» EXERCISE GOAL
Give the listing below again exactly, but without any of its pictures.

» DATA SHOWN

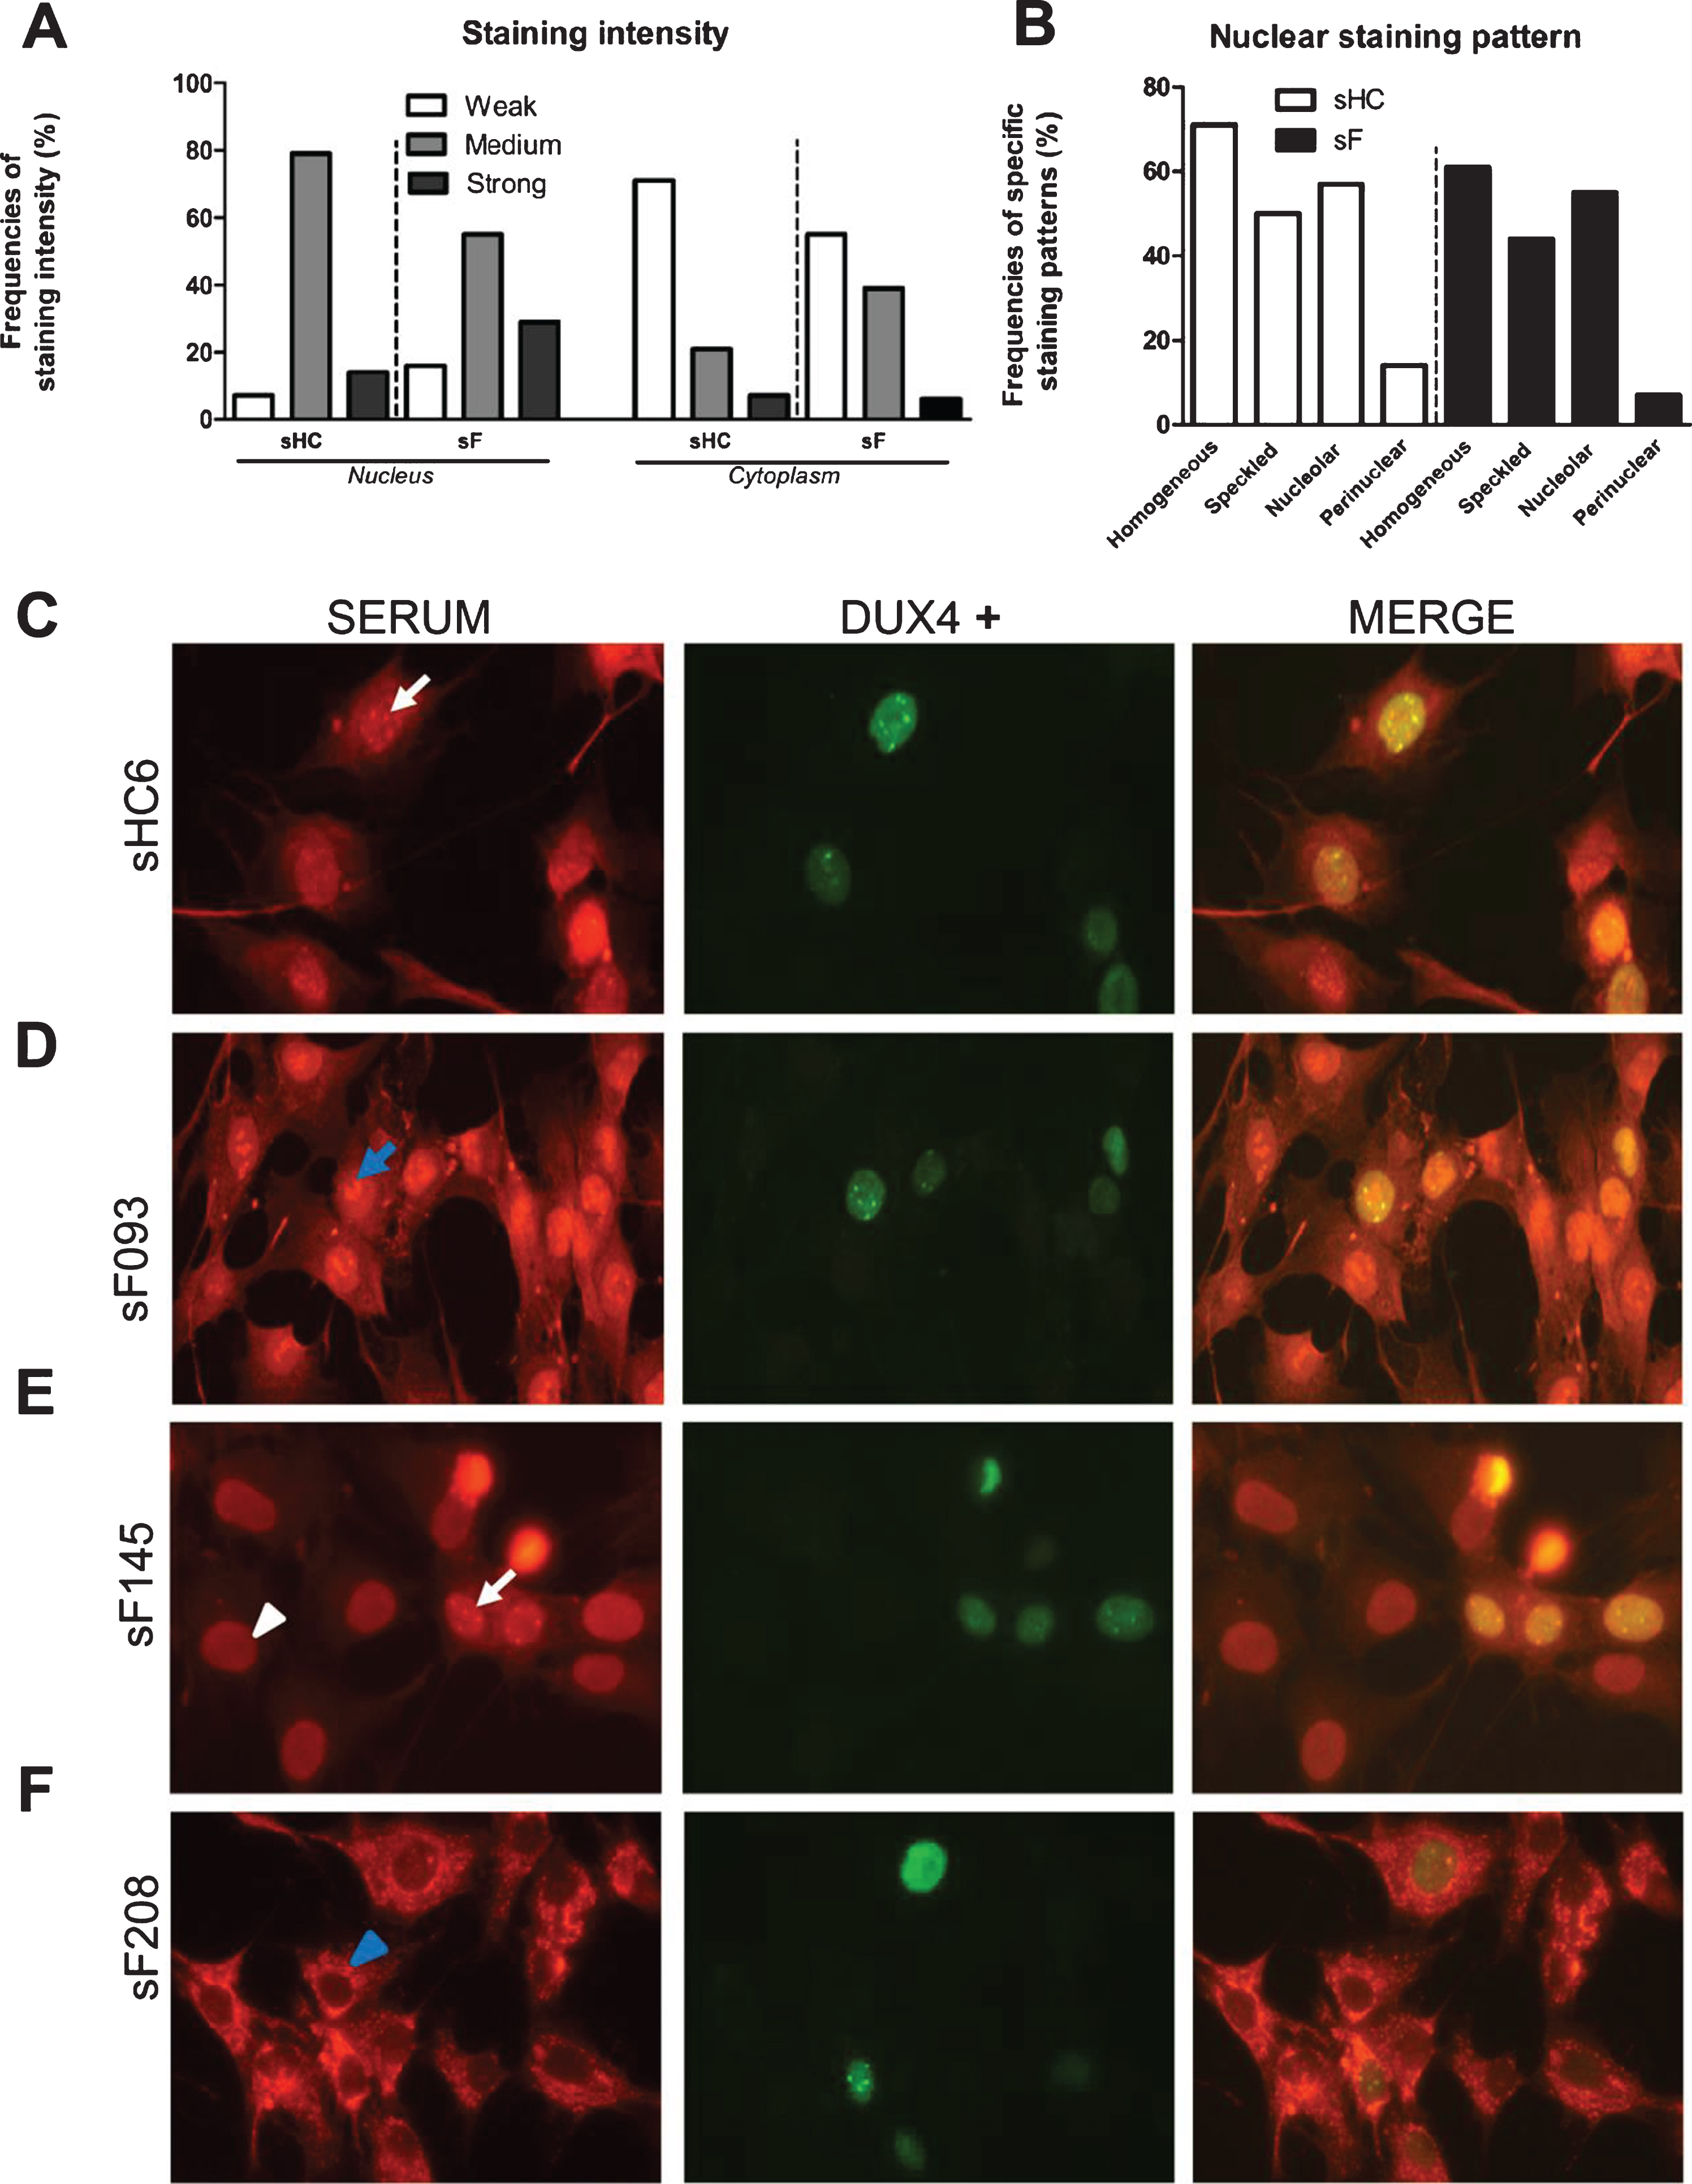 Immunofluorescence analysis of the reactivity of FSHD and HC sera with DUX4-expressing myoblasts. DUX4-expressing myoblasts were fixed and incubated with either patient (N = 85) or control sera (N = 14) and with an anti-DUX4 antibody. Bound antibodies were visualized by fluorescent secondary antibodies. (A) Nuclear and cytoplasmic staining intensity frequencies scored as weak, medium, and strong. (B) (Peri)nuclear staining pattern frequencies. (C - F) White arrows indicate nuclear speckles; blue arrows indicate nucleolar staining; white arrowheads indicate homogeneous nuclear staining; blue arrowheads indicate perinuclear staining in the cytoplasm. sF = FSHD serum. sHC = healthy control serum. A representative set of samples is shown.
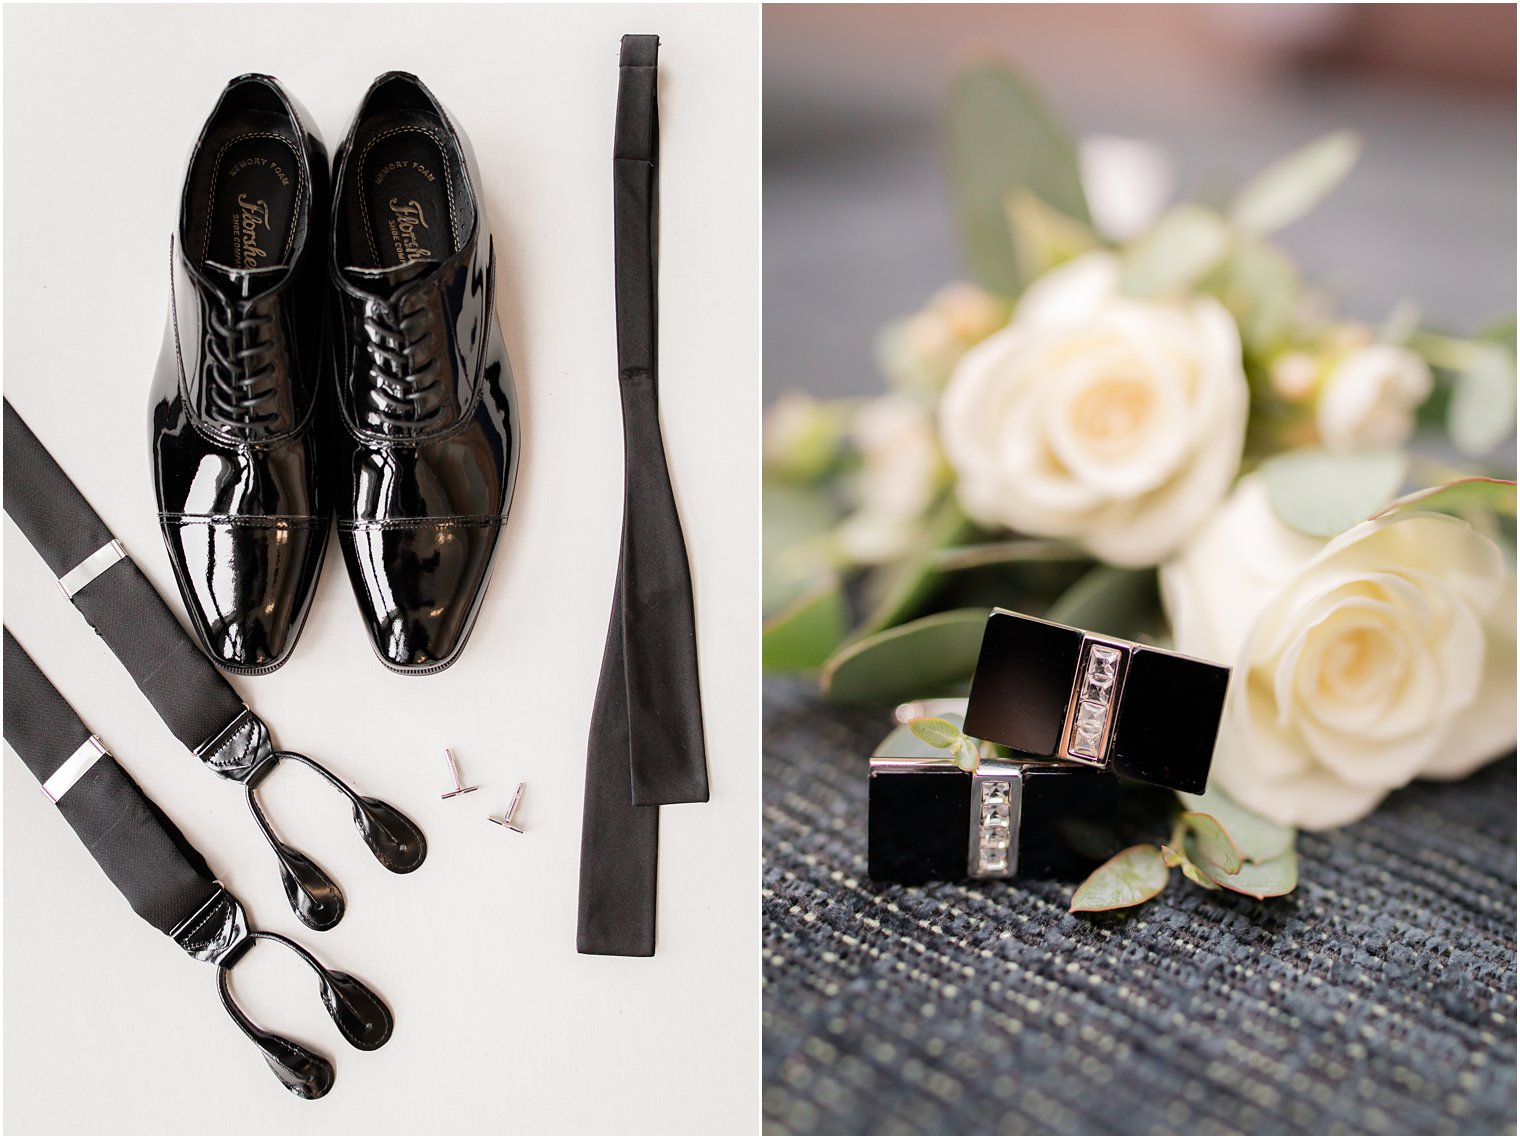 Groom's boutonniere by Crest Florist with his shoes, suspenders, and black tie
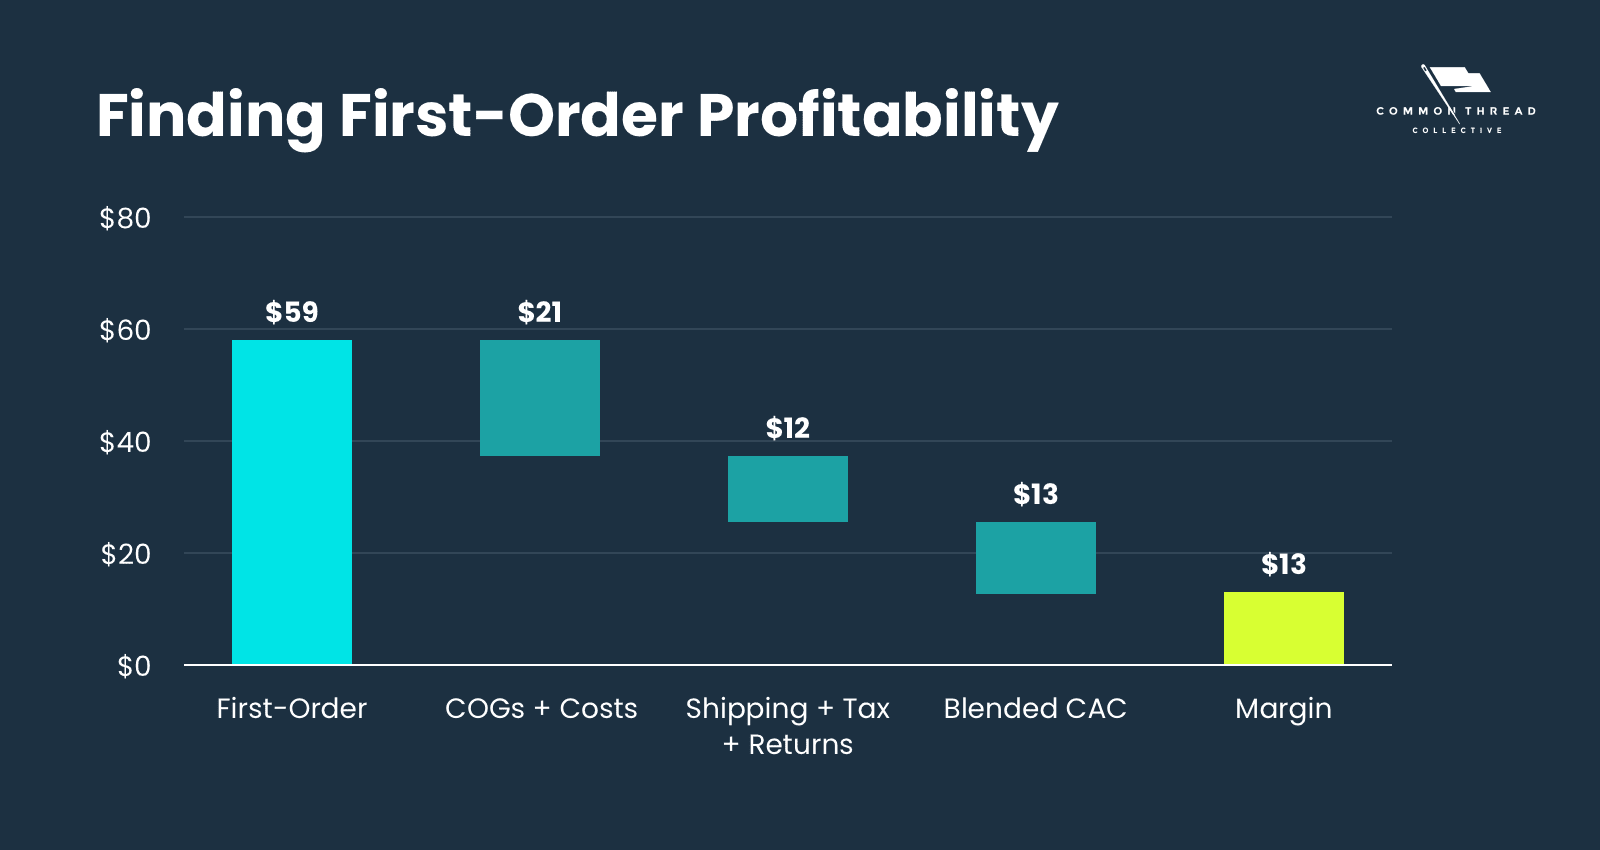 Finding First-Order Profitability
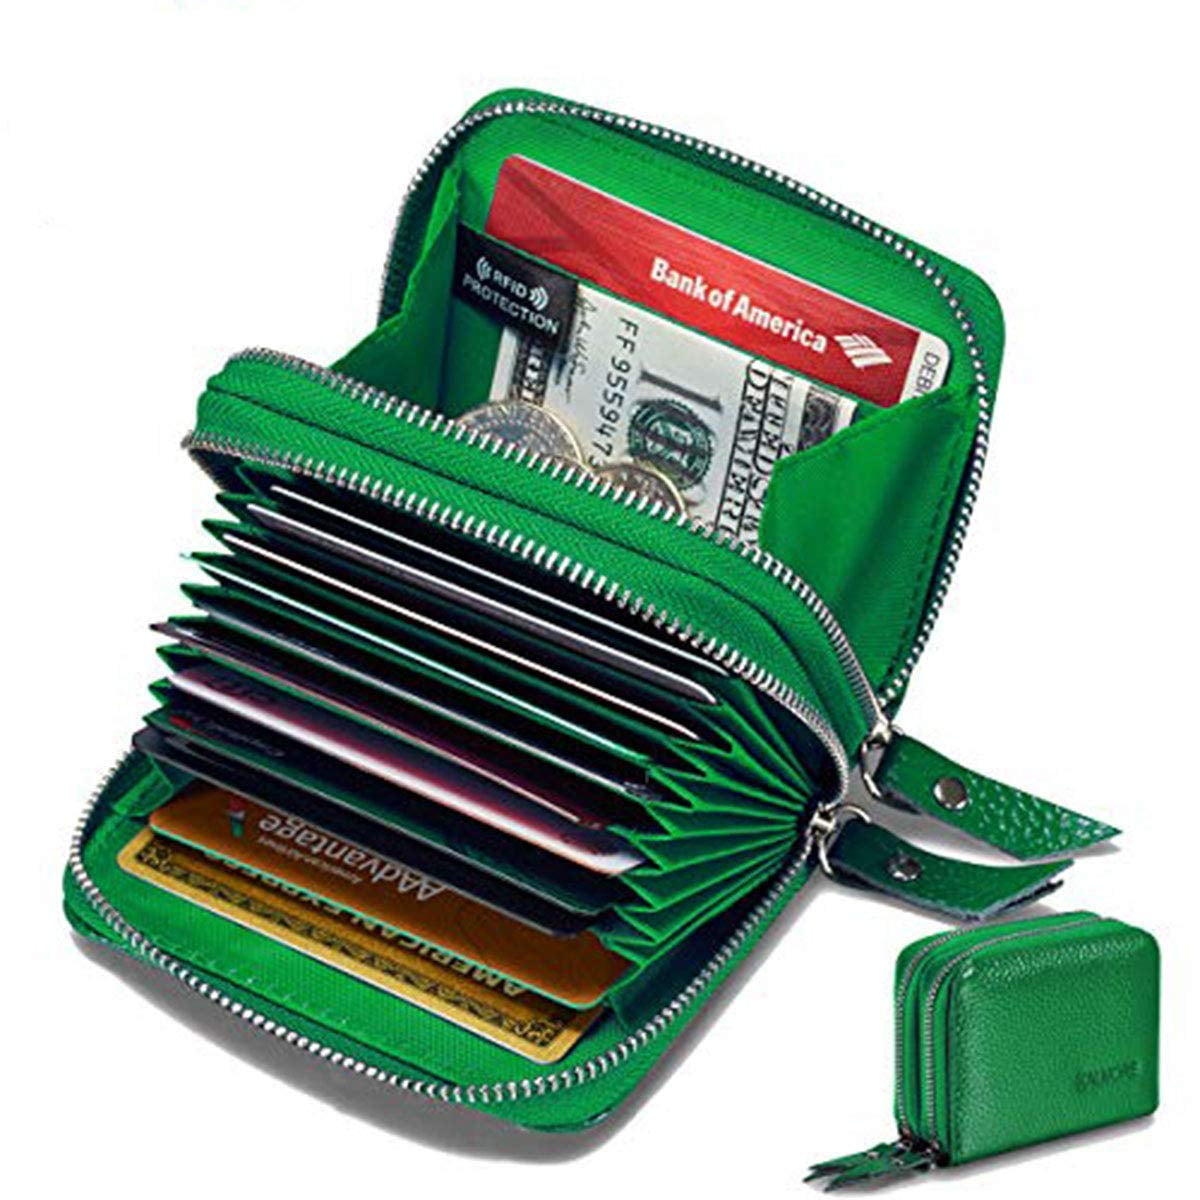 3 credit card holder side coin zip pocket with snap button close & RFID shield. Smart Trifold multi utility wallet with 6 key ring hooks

» OUTPUT FOR THIS TASK
 Immunofluorescence analysis of the reactivity of FSHD and HC sera with DUX4-expressing myoblasts. DUX4-expressing myoblasts were fixed and incubated with either patient (N = 85) or control sera (N = 14) and with an anti-DUX4 antibody. Bound antibodies were visualized by fluorescent secondary antibodies. (A) Nuclear and cytoplasmic staining intensity frequencies scored as weak, medium, and strong. (B) (Peri)nuclear staining pattern frequencies. (C - F) White arrows indicate nuclear speckles; blue arrows indicate nucleolar staining; white arrowheads indicate homogeneous nuclear staining; blue arrowheads indicate perinuclear staining in the cytoplasm. sF = FSHD serum. sHC = healthy control serum. A representative set of samples is shown.
 Groom's boutonniere by Crest Florist with his shoes, suspenders, and black tie
 Finding First-Order Profitability
 3 credit card holder side coin zip pocket with snap button close & RFID shield. Smart Trifold multi utility wallet with 6 key ring hooks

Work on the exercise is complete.